For four years I went to college, with limited physical activity. Some days I couldn’t get out of bed. 21 years old and I couldn’t get out of bed. Total lunacy. I had pain everywhere, every tendon, back, hips (bad) upperback. It sucked. I spent every spare moment (every day) studying massage techniques and trying to heal myself. I never gave up. But I suffered alot and will never forget it.
I had suffered for about 6 years, but I was determined and tough. I had been dealt many bad cards in life but I was going to win.
I had won some really hard races, come from behind countless times.
I heard Howard Stern mention Sarno on the radio. I bought the book that day.
I read the book straight through and got very angry.

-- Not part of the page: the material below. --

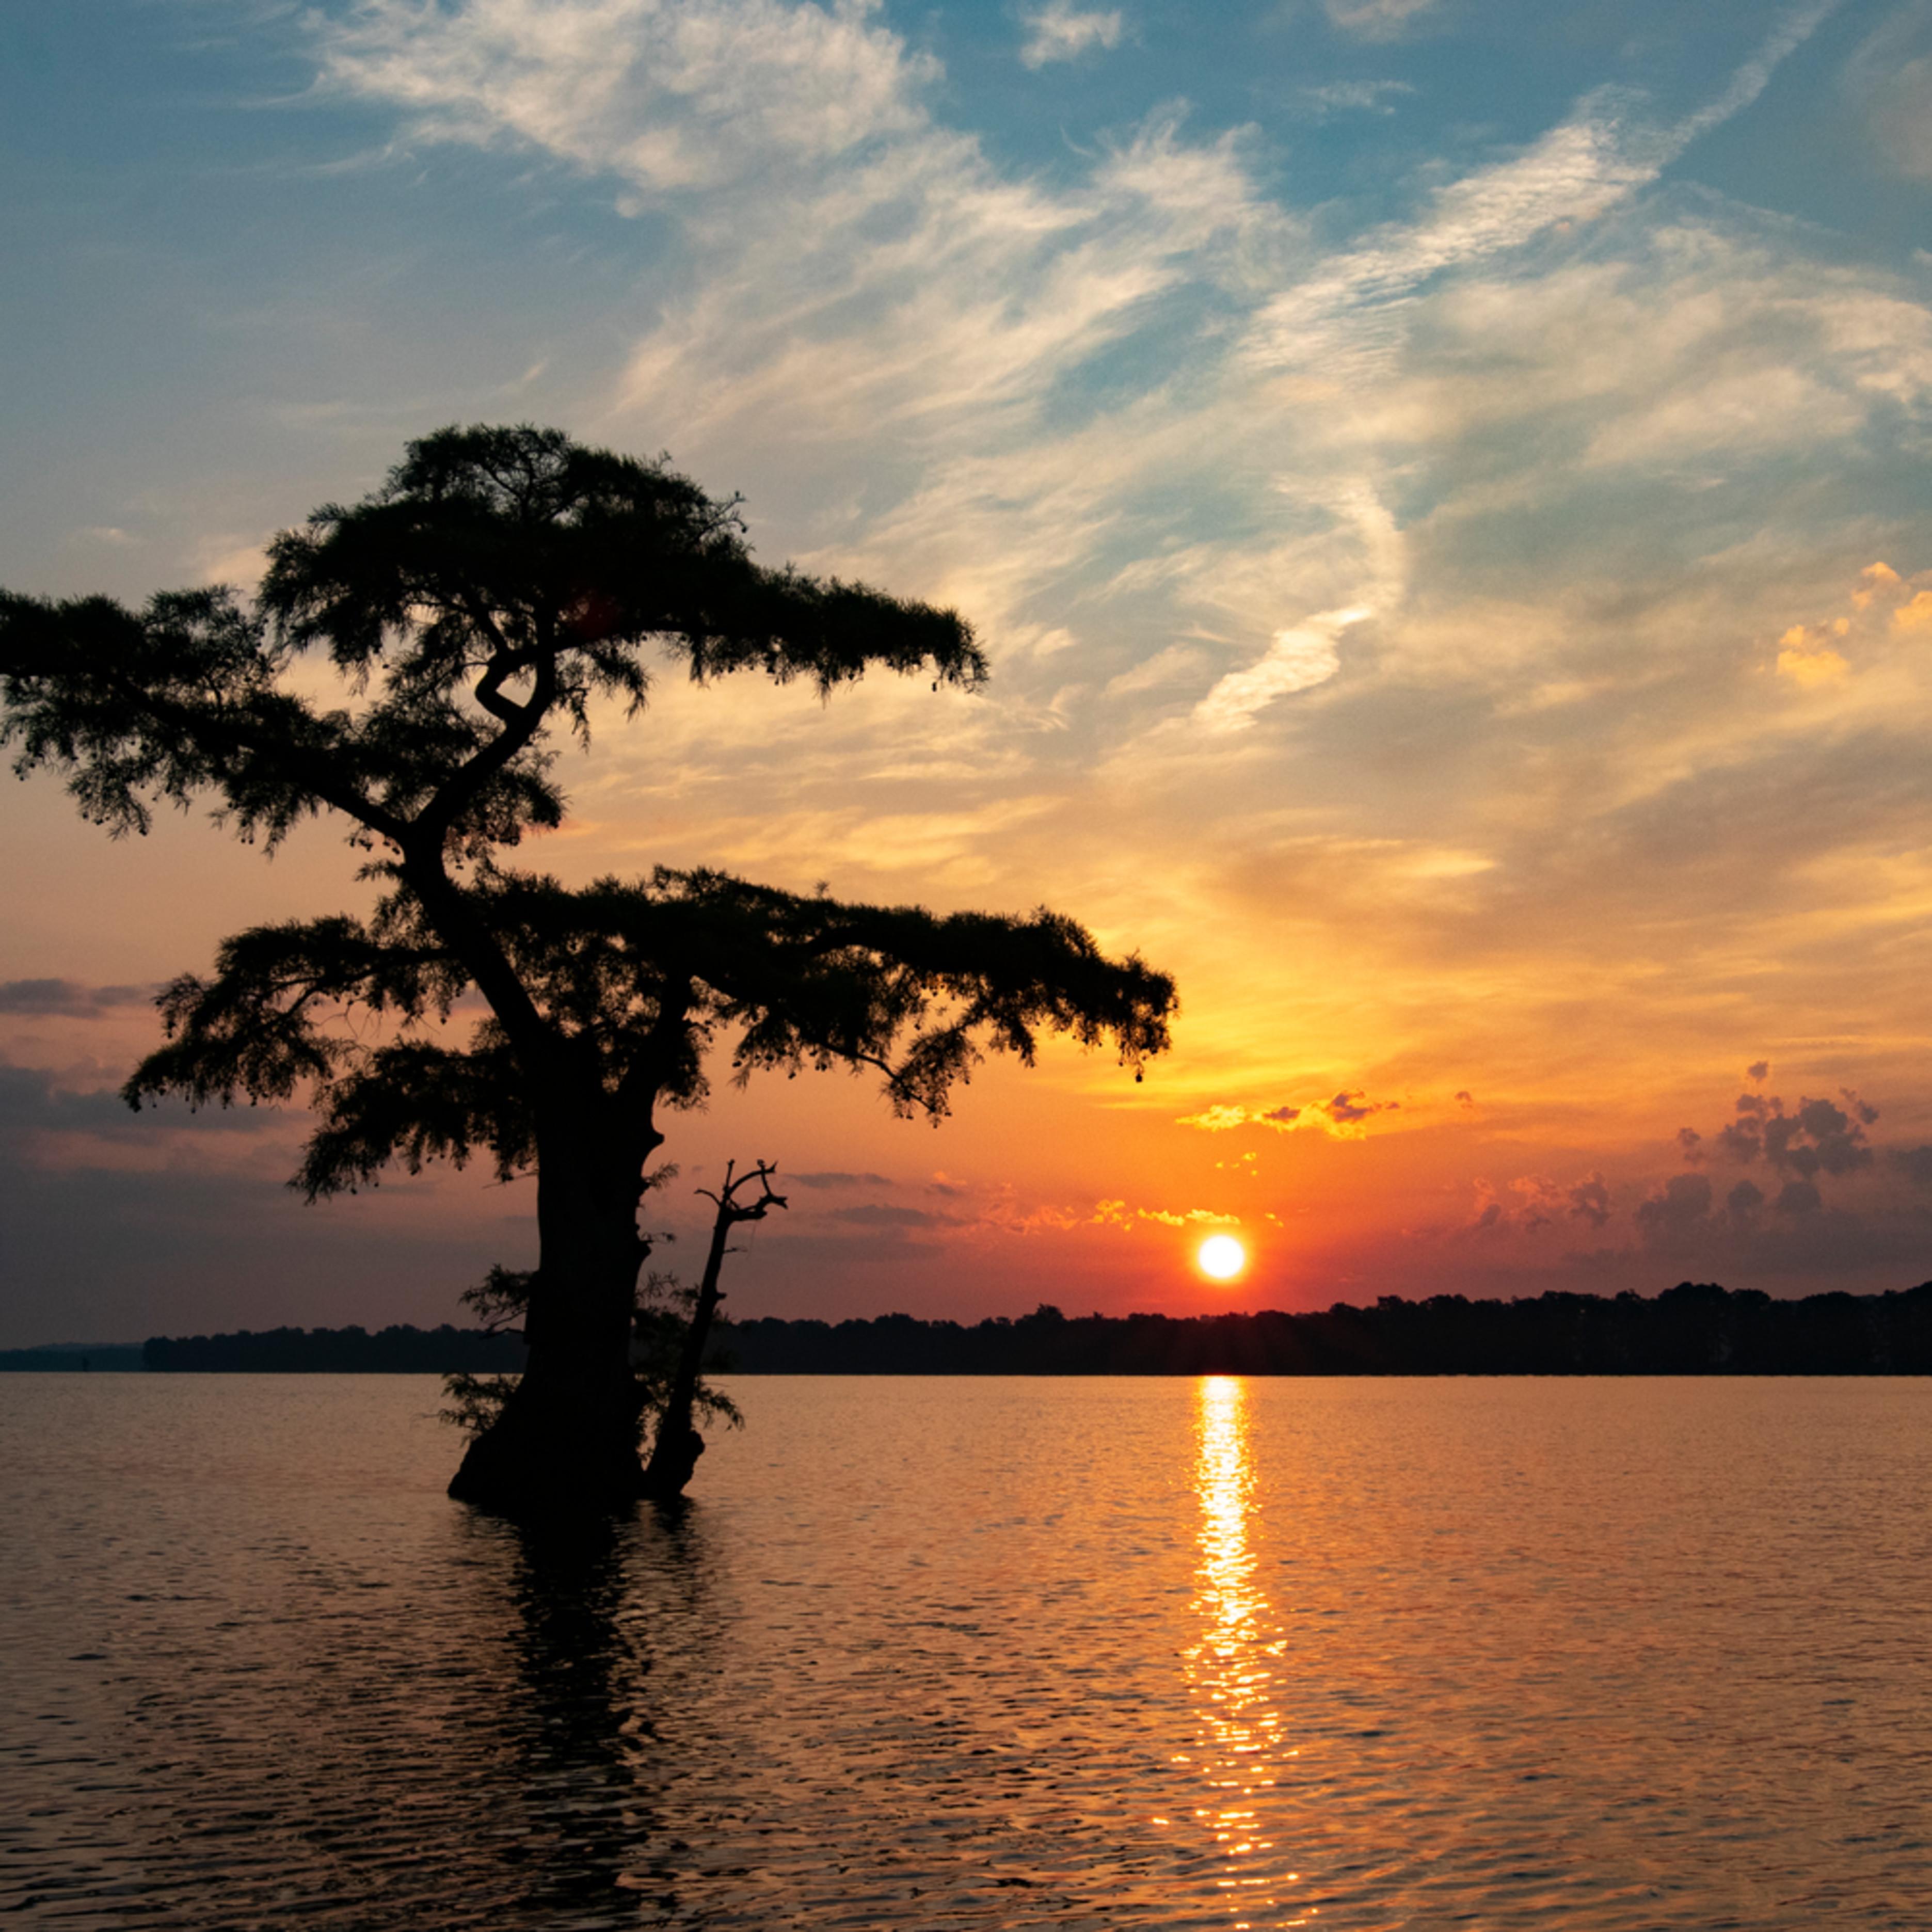 Sunrise lone cypress g  mg 7966 rlt20 xsdvyt

This is where you come in.
Sarno says you are angry. I was. I bet we both have really good reasons. There is a part of our personalities that is enraged.
I’ve been hit, hurt, lied to, betrayed, left alone, tricked, insulted, degraded. We all have in some way, we can’t change it but being a victim is a choice.
Don’t try to ‘undo’ or ‘let go’ the anger. Not yet. Embrace it. In fact, you need it to win.
Beating TMS is YOUR race, you need to decide, BEFORE the race that you are going to win. NOt see how it goes, not ‘do your best’.
That plan has failed you if you’re here. Take all of the anger, identify your opponent, and kill it.
Punch TMS right in it’s face.
Unless you stop being the ‘coper’ and victim, nothings going to change. Look in the mirror. You have the cure to all your pain, right
here, handed to you by Dr. Sarno. Are you really so helpless that your aren’t going to reach out and take it? Do you really ‘need’ the injury, like I did when my right leg was suddenly fine and then the left hurt?
Talk to your brain. Yell at it.
Hate TMS. Kill TMS. Stop ‘coping’ and hiding your natural human emotions. Direct them at TMS. Stop being it’s pathetic victim.
Don’t have sympathy for yourself. YOU are doing this. Hate the part of you that is failing you so much.
If you feel ashamed that you are the cause, good. Stop making everyone think you are suffering, stop making your family worry about you.
I was never afraid to really hate the part of me that was so counter-productive. I accepted my mistake, forgave myself, and fixed it.
This is what worked for me. For the record, (not to sound rude) I’m not interested in others assesment in my tactics. Use it or don’t.
I have introduced Sarno to others and changed their lives.
“The important thing is this: to be able to sacrifice at any moment what we are for what we could become.” Chinese Proverb
I’m now a healthy muscular 27 year old. I’ve made quite a mental and physical transformation. If you have any questions, I’ll answer them, I may sound somewhat harsh in my story but I’m not a jerk.